SA We do see him being playful at times. In 1917, before the Society of Independent Artists exhibition, he gave an interview to Henry McBride, a critic for the New York Sun news­paper, and he lied! He talked about a painting that he was going to submit. So everyone was anticipating this painting which didn’t exist. Duchamp knew that everyone was waiting for him to do something outrageous, something challenging and icono­clastic. He gave them a red herring, then submitted the fountain – as Richard Mutt. He played with everyone’s expectations.

KN There are books of collected interviews that Duchamp gave, mostly from the 1960s. Why did he start giving lengthy interviews in his later years?

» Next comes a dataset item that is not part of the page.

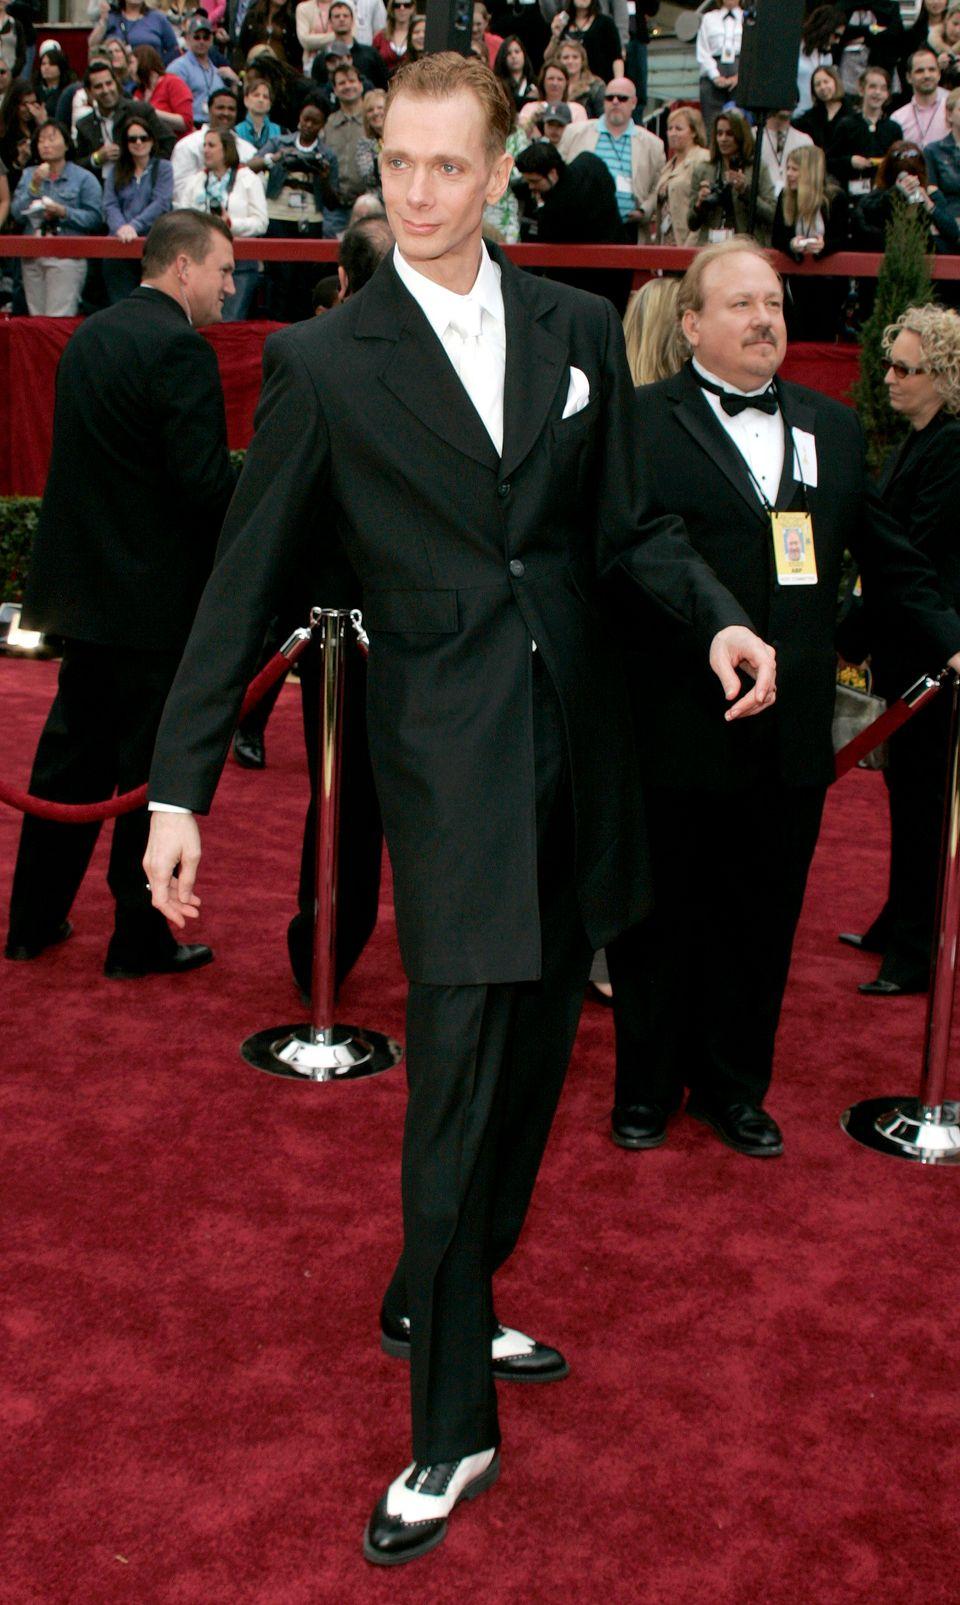 Doug Jones attends the Oscars on Feb. 25,

SA In the early 1960s there was a resurgence in interest in Duchamp and his work, coinciding with the rise of Pop art and Neo-Dada. The first attention actually came from California when artists there were examining the relationship between art and object. Duchamp began to give interviews at that stage of his career because people were interested in him again. He was then a senior figure in the art world and had this great history. Through him it was possible to understand not only Cubism and Dada, but to understand Surrealism and to consider exhibitions, because he had also curated shows. At that point he was also willing to start talking about his history, because he was looking back on his career: the tone of a lot of those interviews is very retrospective, full of reminiscences.

KN In 1969, the year after Duchamp died, Andy Warhol started Interview magazine. Would Duchamp have liked it?

SA I love Warhol’s Interview. But I think it is very different from any of the publishing projects Duchamp created. At that point, and this is part of the legacy, it’s a shift. Duchamp’s little magazines were more about the boundaries of art. My impression of Warhol’s Interview is that it was more about persona and about a kind of artist as celebrity. Duchamp was always reluctant or maybe suspicious about celebrity in a certain way. He was a very quiet celebrity.

Sarah Archino is an American art historian. She received her PhD from the Graduate Center, City University of New York in 2012 with her disser­tation, Reframing the Narrative of Dada in New York, 1910–1926. She is currently based in Paris.

Kito Nedo lives in Berlin where he works as contributing editor for frieze and as freelance journalist for several magazines and newspapers. In 2017, he won the ADKV-Art Cologne Award for Art Criticism.